**Your task**.
Exclude the images, then return every line below exactly as written.

**Given information**.
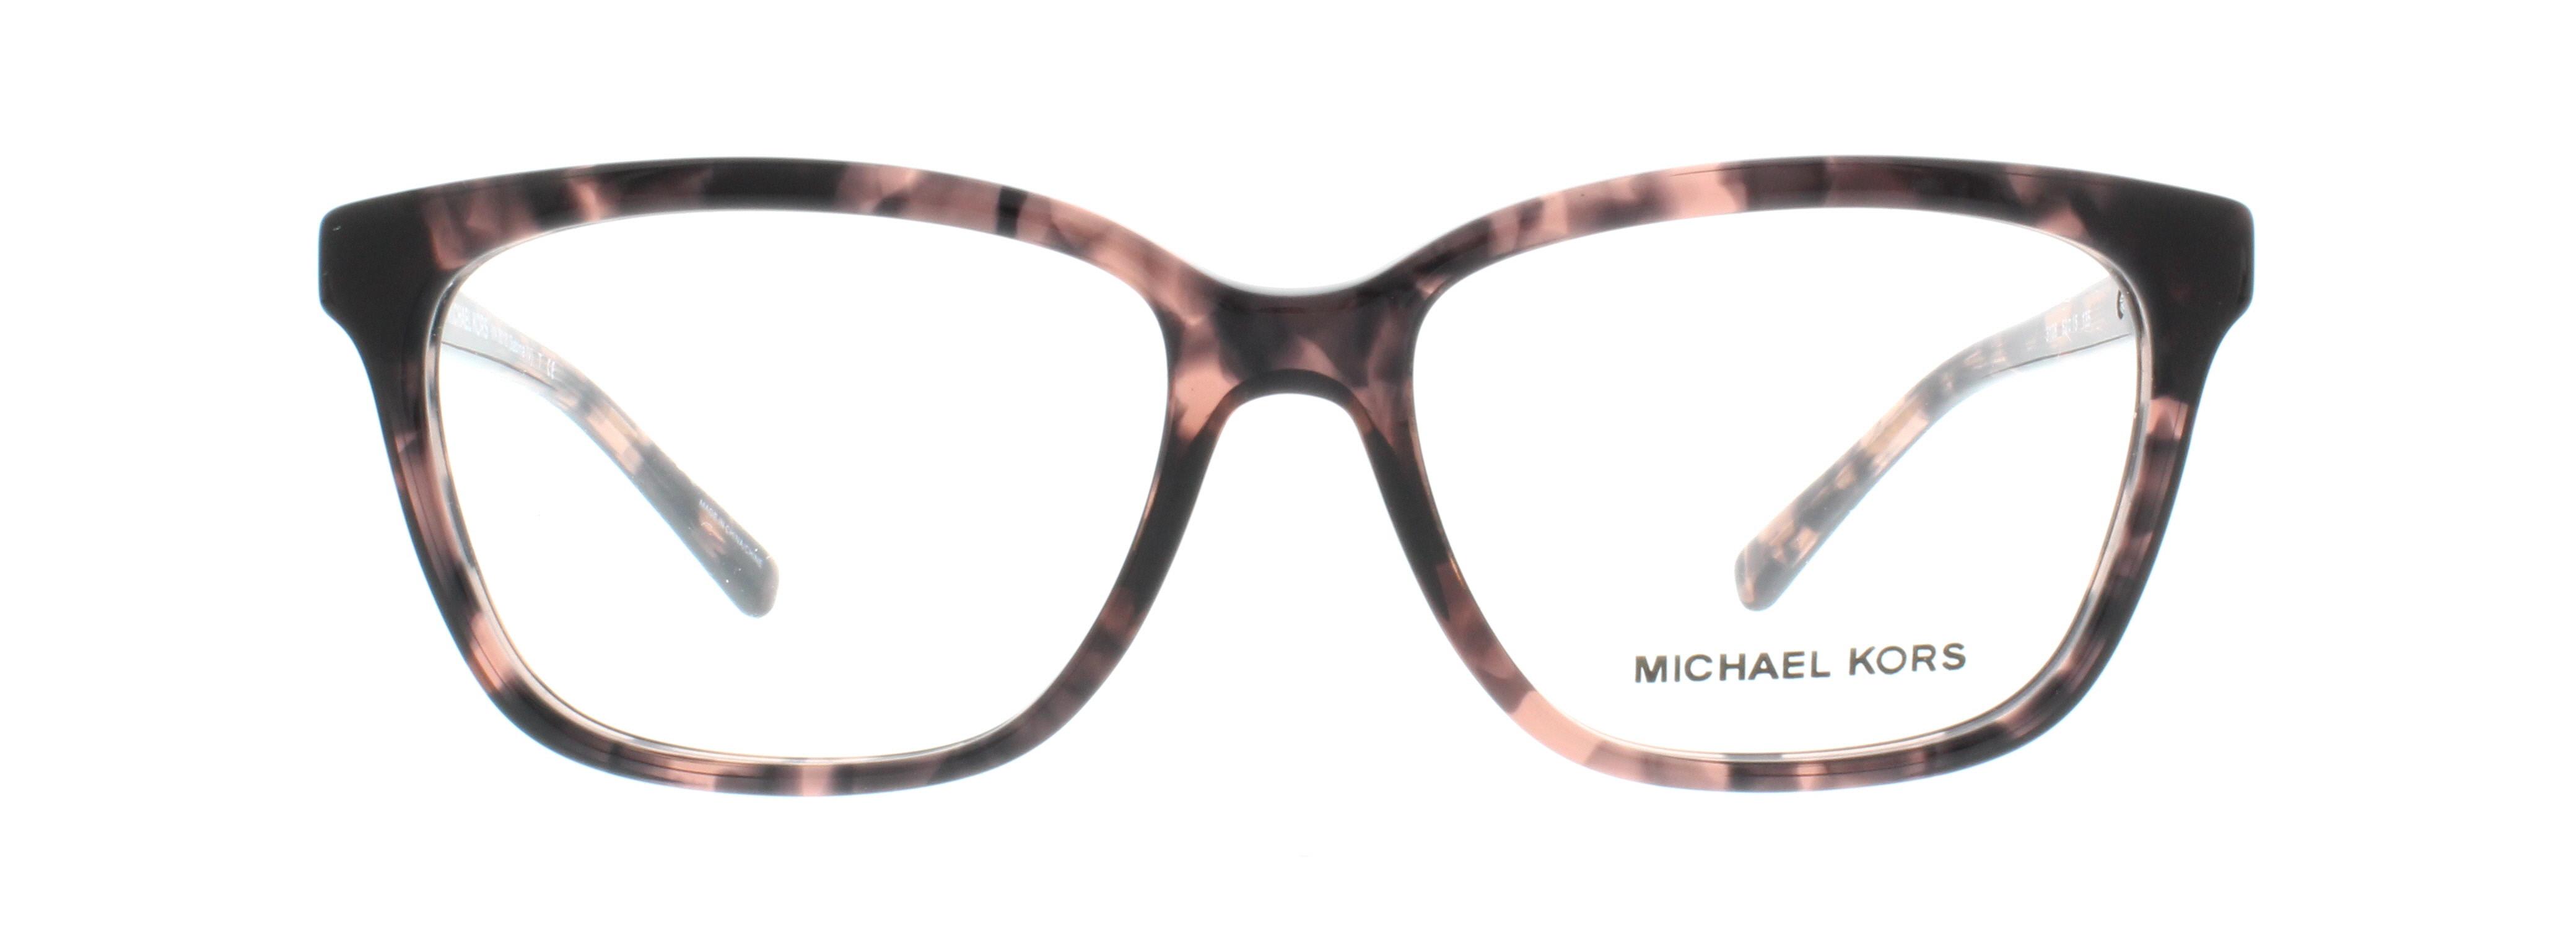 9c2add53c4017 Designer Frames Outlet. Michael Kors MK8018 Sabina IV
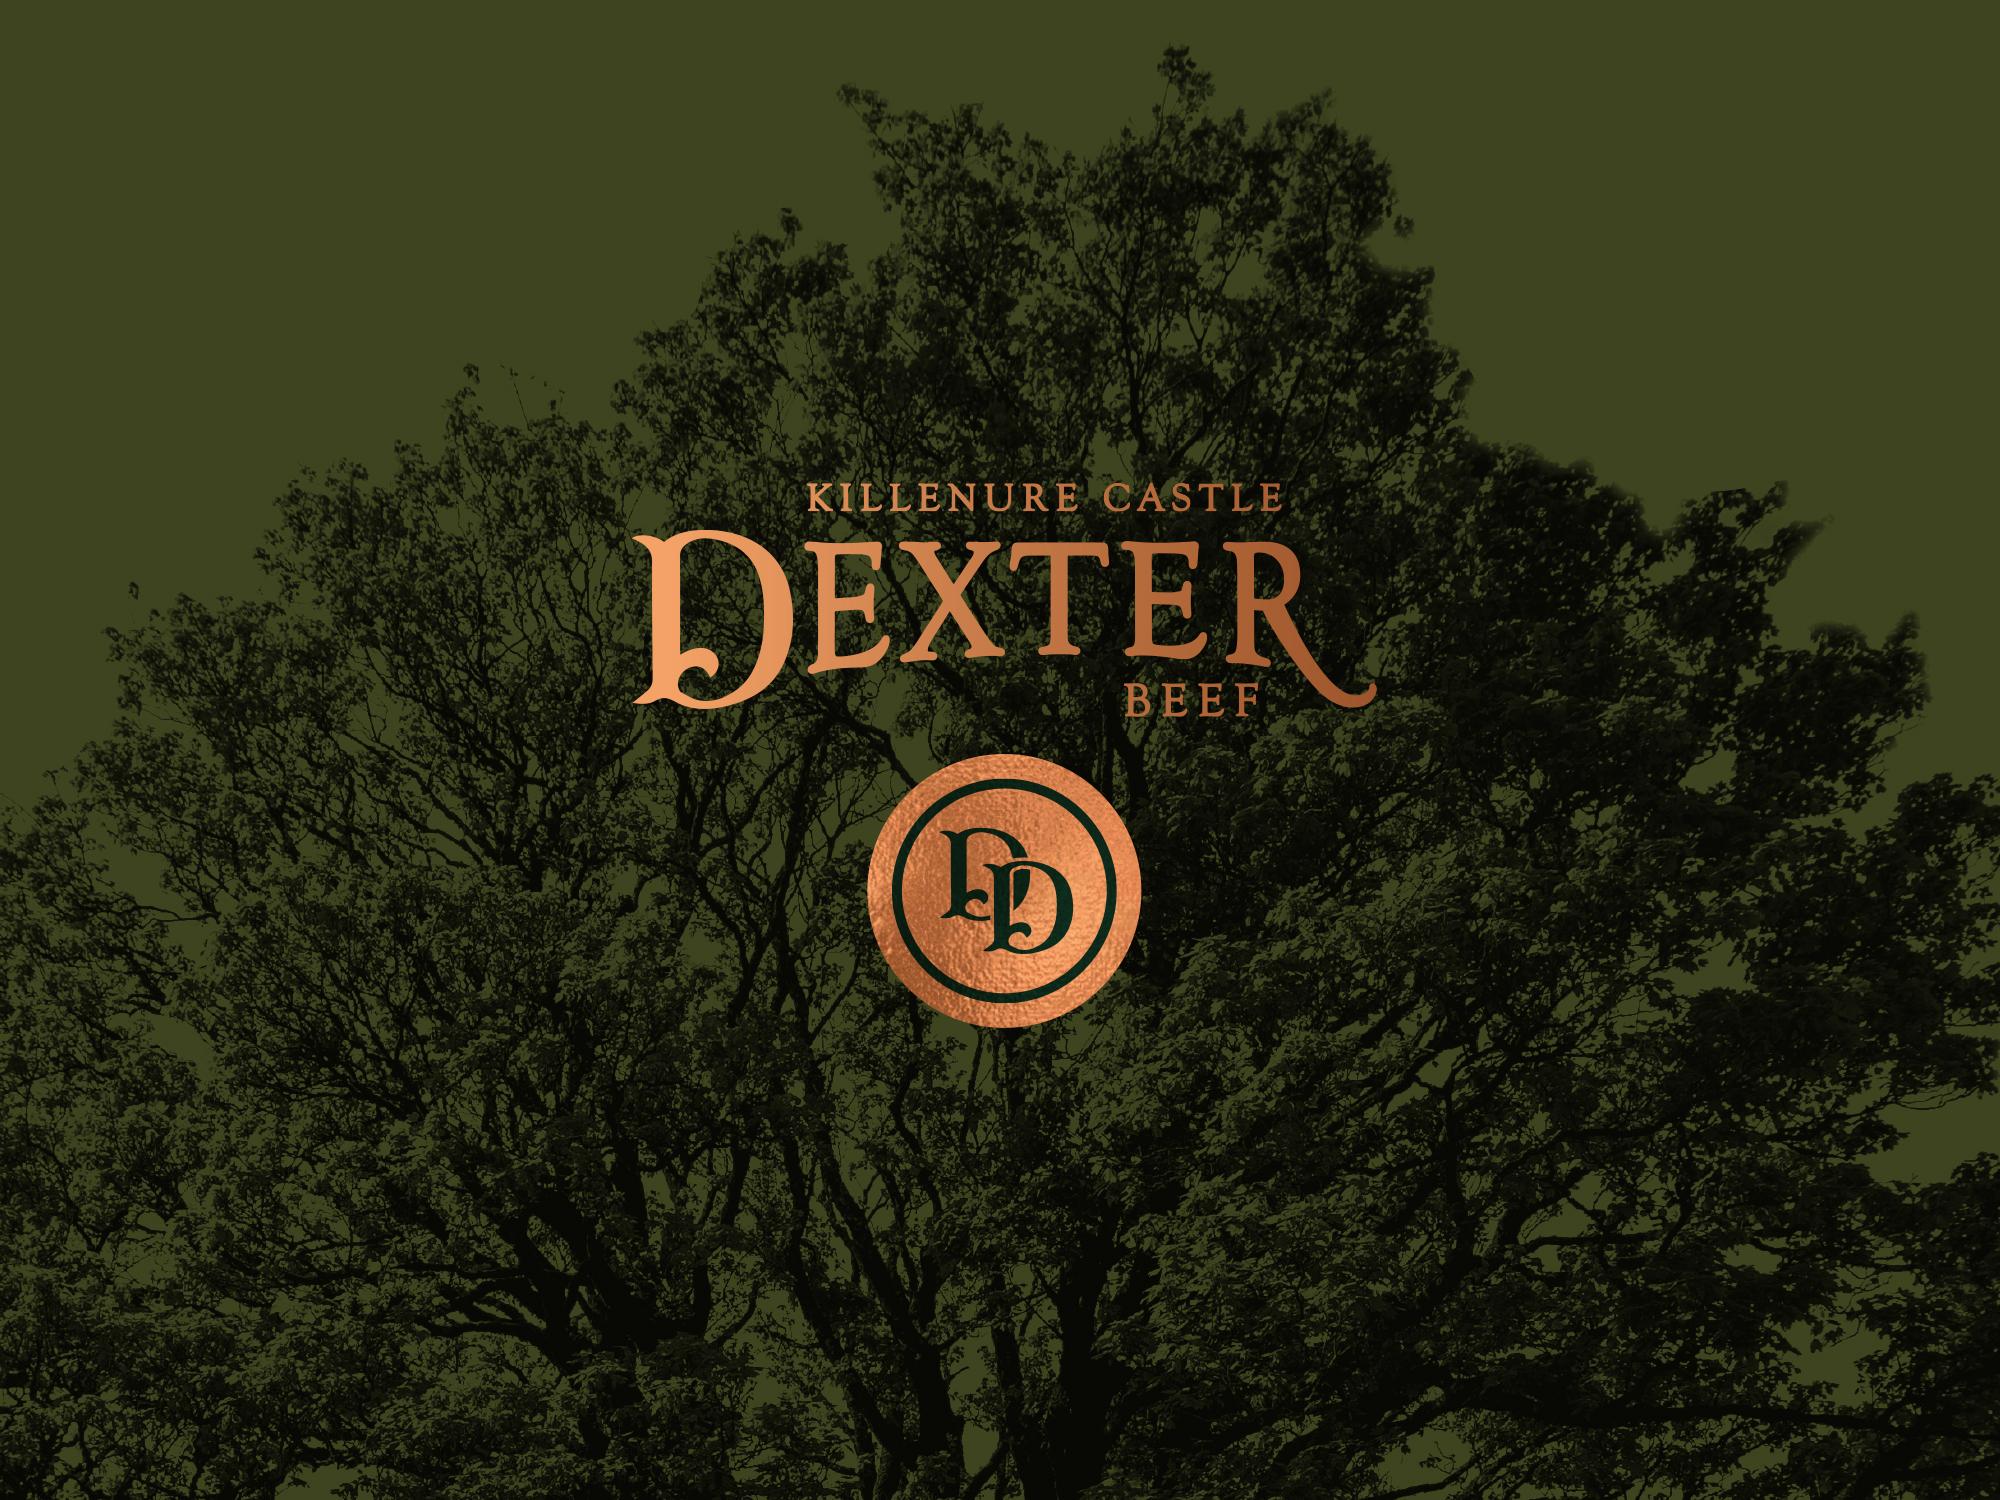 Cover image: Dundrum Dexter Charcuterie by Killenure Castle
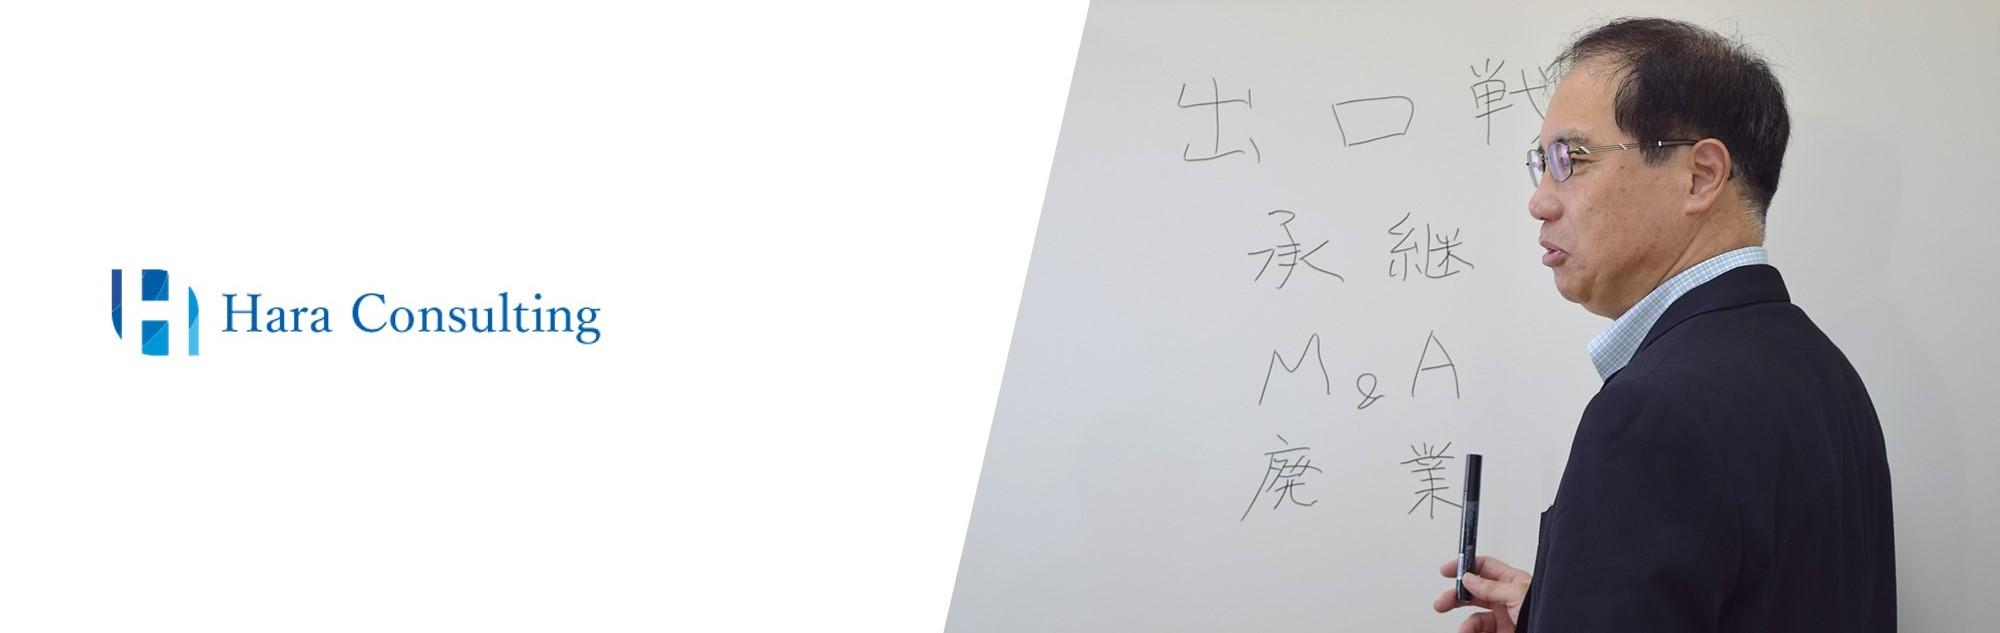 プロフィール | 社外財務部長 原 一浩

**Task result**.
 9c2add53c4017 Designer Frames Outlet. Michael Kors MK8018 Sabina IV
 Cover image: Dundrum Dexter Charcuterie by Killenure Castle
 プロフィール | 社外財務部長 原 一浩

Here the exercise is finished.